Even with these limitations, the current study points to the role of complex patterns of attention to threat in anxiety and risk for anxiety. Current models suggest that attention bias to threat may play a causal role in the emergence of anxiety (e.g., Mathews and MacLeod, 2002). Although studies experimentally manipulating attention bias have modulated levels of anxiety and stress reactivity in children and adults (Eldar et al., 2012; Eldar et al., 2008; MacLeod et al., 2002; Mathews and MacLeod, 2002), we know little regarding the underlying neural mechanisms. Recent work suggests that attention manipulations may increase frontal activation (vlPFC) while minimizing limbic (amygdala, insula) activation (Britton et al., 2015; Liu et al., 2018). However, this work has relied on extended (500 ms) presentation of threat stimuli. We do not know how, or if, attention bias modification impacts initial reactive responses to briefly presented stimuli. A more nuanced understanding of the time course of activation is needed as recent work has called into question the reliability and efficacy of treatments targeting attention and attention to threat (Rodebaugh et al., 2016).

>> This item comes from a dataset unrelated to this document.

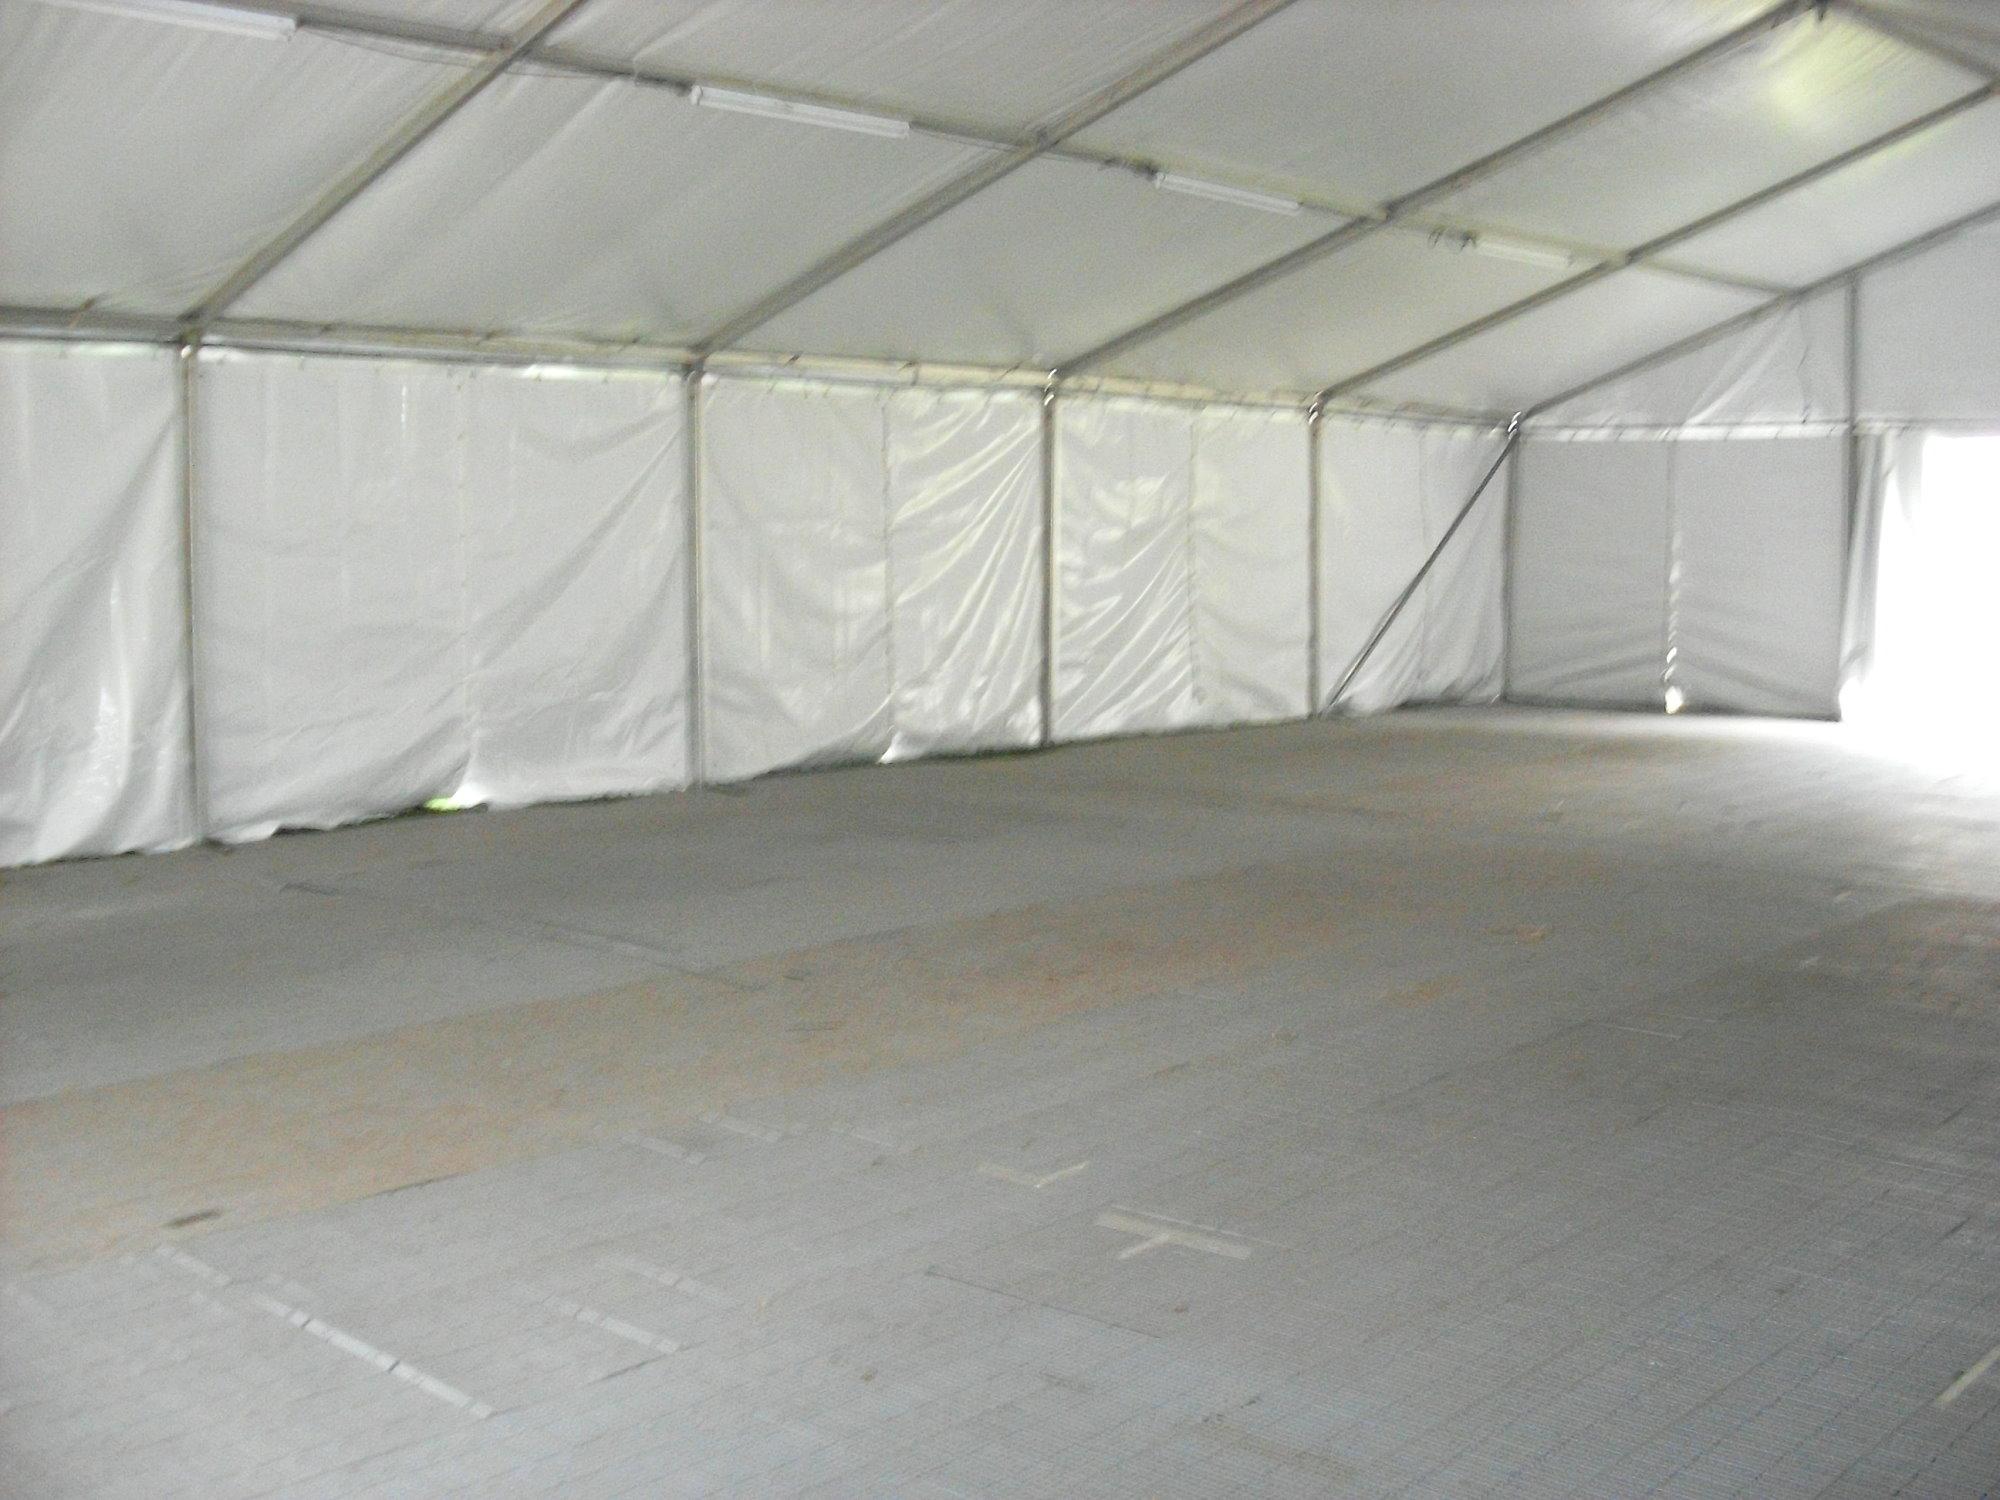 Pavilion Interior with Plastic Profloor

The current study indicates that there are both distinct and overlapping patterns in how behaviorally inhibited and non-inhibited children process subliminal socially-relevant threat cues. We found that all children showed a (modest) activation response to masked threat faces in the amygdala, reflecting prior expectations for a limbic response to ambiguous threat. Non-BI children also displayed a distributed activation pattern relative to BI peers in the same contrast. Furthermore, behaviorally inhibited children showed heightened neural response in the cerebellum in trials that required shifting attention away from threat. The cerebellum is only recently gaining attention for influencing processes beyond motor control, extending to emotion processing. Further examination is required to help elucidate how distributed patterns of activity contribute to the processing of salient stimuli and threat into adolescence and early adulthood, and how these activation patterns come into play in temperamentally inhibited versus anxious individuals.